Суворов Н.С. Об юридических лицах по римскому праву
Вышеприведенный фрагмент Гая дает место еще следующему недоумению. Когда он говорит о коллегиях, что не всем без разбора предо-ставляется образовать таковые, то для нас нет никакого труда сделать различие между коллегиями, дозволяемыми государством, и такими, которых государство не могло терпеть и потому не наделяло их юридической личностью. Но если Гай говорит и о societates vectigalium publicorum как о нуждающихся в разрешении и концессии корпоративных товариществах, то логически следовало бы заключать отсюда, что наряду с концессионированными товариществами существовали и другие, которых государство равным образом не могло допускать.
Какие же товарищества имели склонность разыгрывать роль юридических лиц? - спрашивает Кон[585] и отвечает: на этот вопрос нечего и ответить. Едва ли это справедливо.

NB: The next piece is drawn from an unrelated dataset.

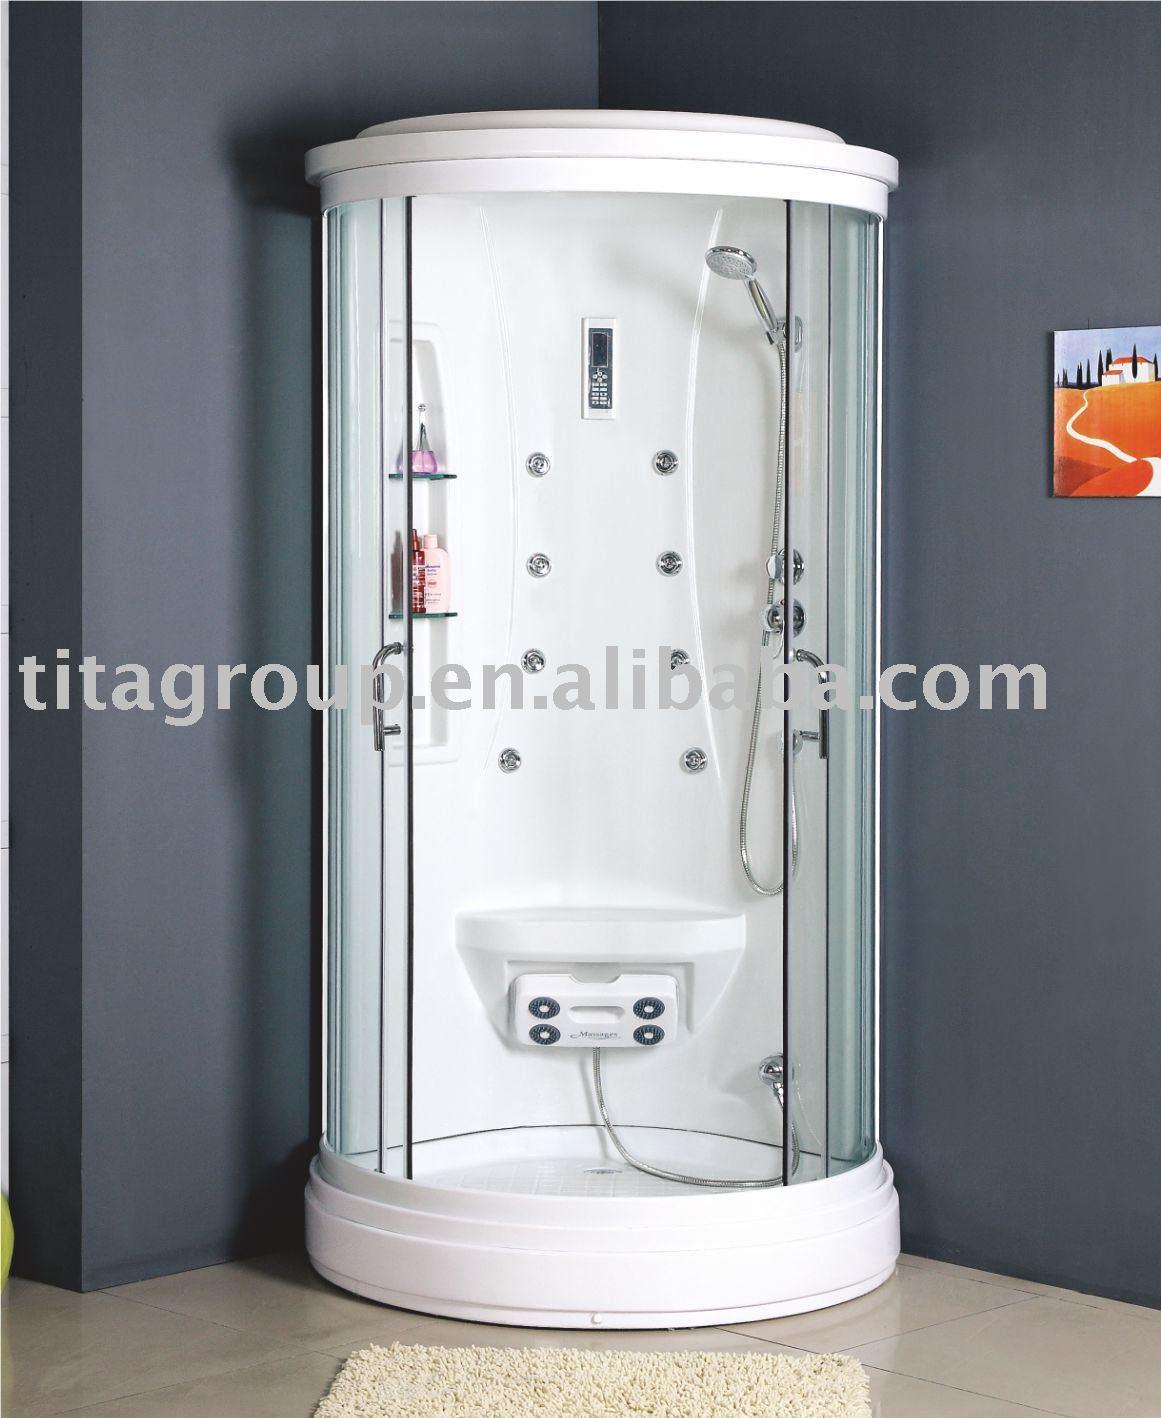 Salas De Baño Con Ducha:Bathroom Tubs and Showers Manufacturers

Во-первых, могли быть товарищества публиканов, которые совсем не желали разыгрывать роль юридических лиц и, при несложности операций, могли довольствоваться существованием на началах товарищеского договора, не обращаясь за разрешением и концессией на образование юридического лица. Во-вторых, могли быть товарищества, желавшие играть роль юридического лица и не подходившие под римское понятие о союзе лиц, необходимом для образования корпорации. Выше было замечено, что товарищество публиканов могло состоять из двух товарищей, между тем как по римскому праву требовалось, по крайней мере, трое членов для образования коллегии[586]. Иное, по-видимому, нужно сказать о возникновении похоронных коллегий. Нуждались ли они каждый раз в специальном разрешении, с каковым разрешением связывалось вместе и дарование прав личности, или они возникали в силу общего, раз навсегда данного разрешения? Господствующее мнение склоняется в пользу последнего взгляда.

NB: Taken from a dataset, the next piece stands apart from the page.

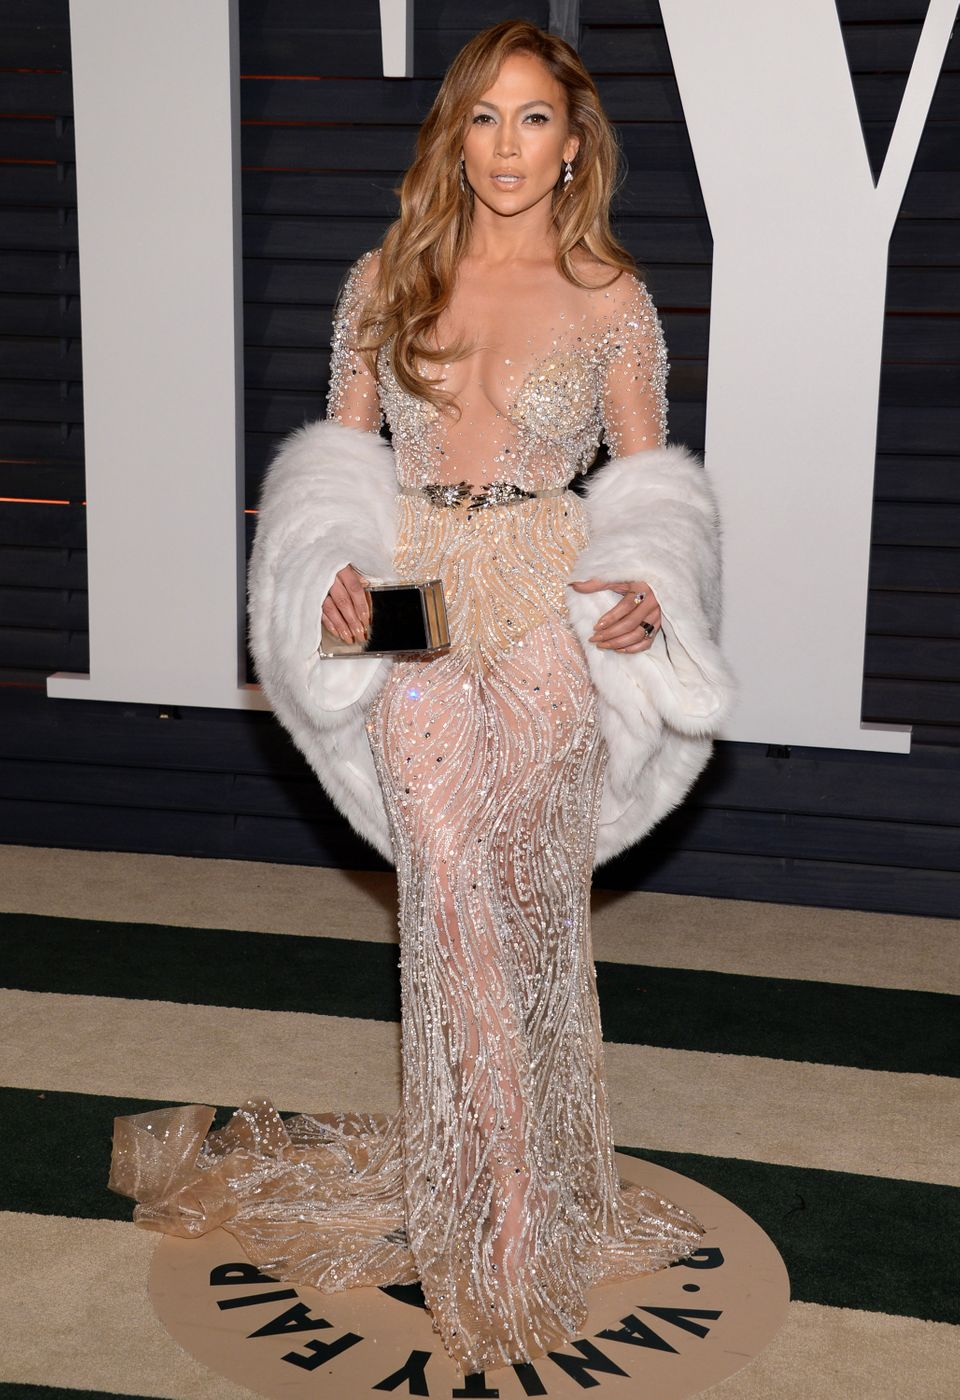 Irina Shayk And Rita Ora Lead The Sheer Dress Pack At The Vanity ...

Моммзен, изучивший массу надписей, полагает, что, наряду с lege Julia de collegiis и основывавшимися на этом законе специальными изъятиями в силу сенатусконсультов, действовал сенатусконсульт общего характера, явившийся в период времени между Августом и Адрианом и содержавший в ceбе общее изъятие похоронных коллегий из запретительного юлиевского закона[587].
Того же мнения держатся и другие ученые, как, напр., Пернице[588], Ленинг[589], Муромцев[590] и др., т. е. что для похоронных коллегий существовал общий дозволительный сенатусконсульт, в свою очередь также представлявший изъятие, но не специального характера для каждого отдельного случая, из запретительного юлиевского закона.

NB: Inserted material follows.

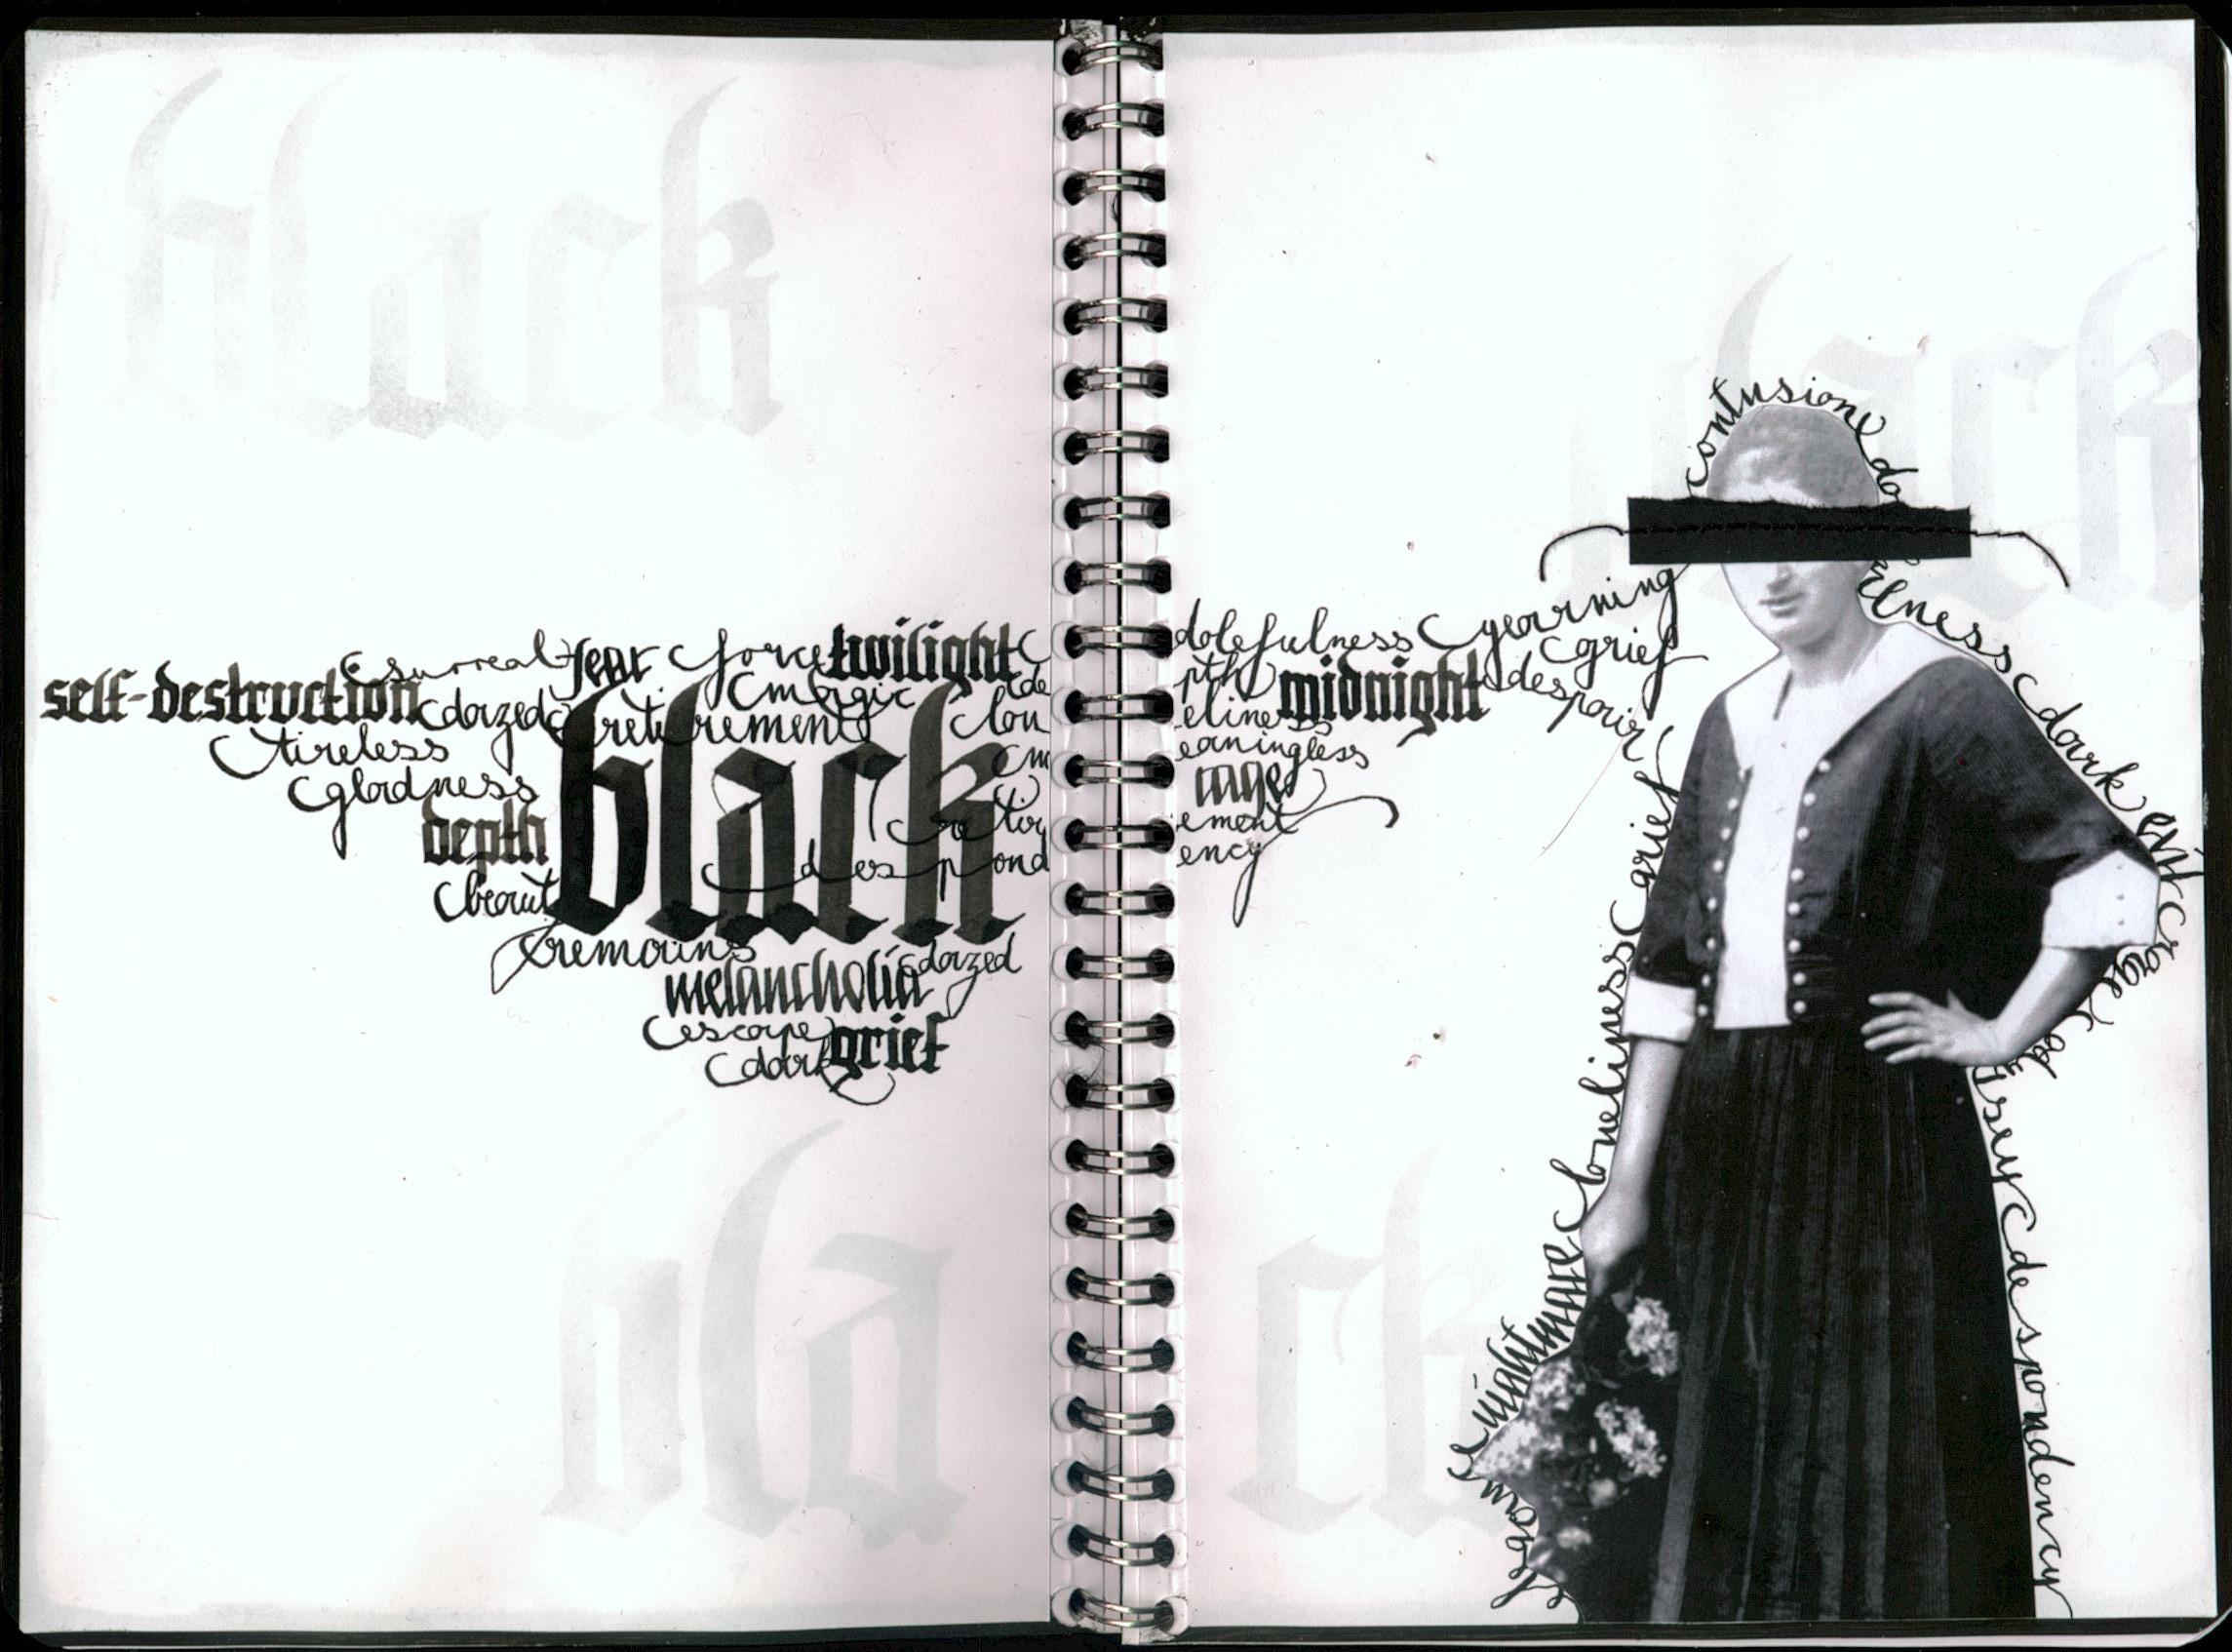 black confusion

Марциан, говоря о дозволении tenuioribus stipem menstruam conferre, в самом деле дает более оснований для этого последнего взгляда, чем для противоположного. Во-первых, он дает видеть, что правительство в отношении к этим обществам принимало некоторые особые меры предосторожности в качестве как бы корректива к свободе ассоциаций этого рода: члены таких коллегий должны собираться только раз в месяц, хотя для религиозных собственно целей могут собираться и чаще[591]. Во-вторых, Марциан говорит, что то же самое дозволение было распространено Севером на Италию и на провинции[592]: из этих слов юриста трудно было бы выводить, что дозволительная конституция Севера, касавшаяся Италии и провинций, не имела общего характера. Конституция имела, очевидно, то же содержание, какое было в предыдущем дозволении; но как конституцию Севера нет основания истолковывать в том смысле, чтобы она уполномочивала какую-либо компетентную власть в каждом отдельном случае дозволять tenuioribus образование коллегии, а напротив, ее нужно понимать так, что она содержала в себе прямое дозволение для всех имеющих возникать коллегий данного типа, так и предшествовавшее дозволение, явившееся для Рима только, должно было иметь тот же общий характер.
В отношении к collegia tenuiorum было постановлено, что не дозволяется одновременное сочленство одного и того же лица в двух коллегиях[593]. Закон этот, по выражению Моммзена[594], мучил интерпретаторов, которые и сами, в свою очередь, мучили его, как бы по праву тальона. Почему, спрашивалось бы, нельзя лицу, состоящему членом похоронной коллегии, состоять членом коллегии дендрофоров, хлебопеков и т. д.? Затруднение, однако, устраняется, говорит Моммзен, если иметь в виду только однородные коллегии, в данном случае только похоронные коллегии.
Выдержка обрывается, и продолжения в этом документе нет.